回家后罗三便把自己关在屋里不出来,伏在床上呜呜地哭。
下人们在外面切切察察,沈玉蕊走过来,身边的老妈妈把人都赶走了,她进屋去,不耐烦地瞪着罗三。
“哭什么,亲眼见了将来的好日子,你该高兴才是。”
现在轮到她坐茶座,自己给自己倒杯茶,冷的,有一股灰尘的气味。沈玉蕊端起来闻了一下,生了气。

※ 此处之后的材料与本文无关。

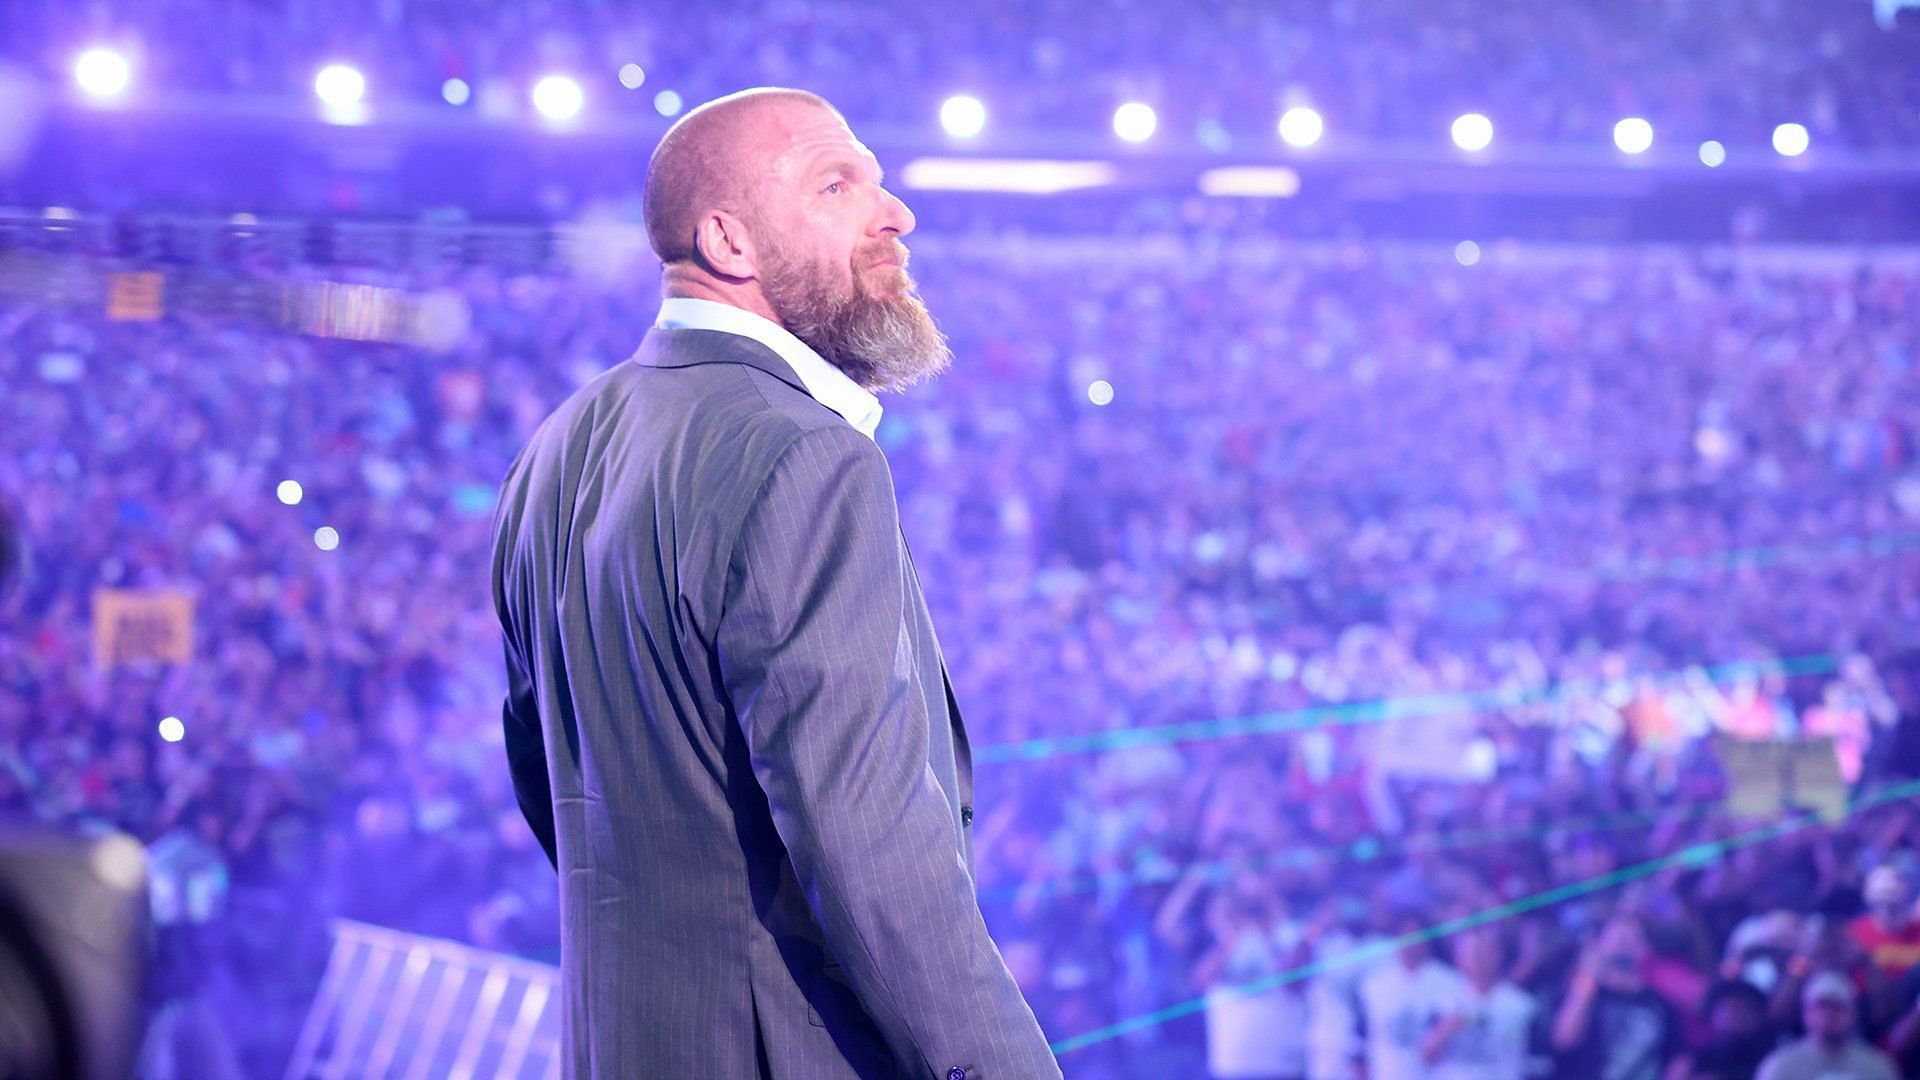 WWE Chief Content Officer Triple H looks at the WrestleMania crowd

“丫头们怎么服侍的,这种茶是给人喝的?撤下去沏壶新茶上来。”
老妈妈应是,退下去关上了门。
沈玉蕊道:“你还有什么不满意,我见祝夫人待你不错的。她要么见了你发现不如想象中那么龌龊不堪,你与黄家是亲戚,罗家还没彻底败落到下贱的地步,你懂事,也不是不能接受。”
罗三猛地从床上直起身子,瞪着沈玉蕊。沈玉蕊还是故意这么说的,就等着她被激气愤了,然后勾出一个讥笑。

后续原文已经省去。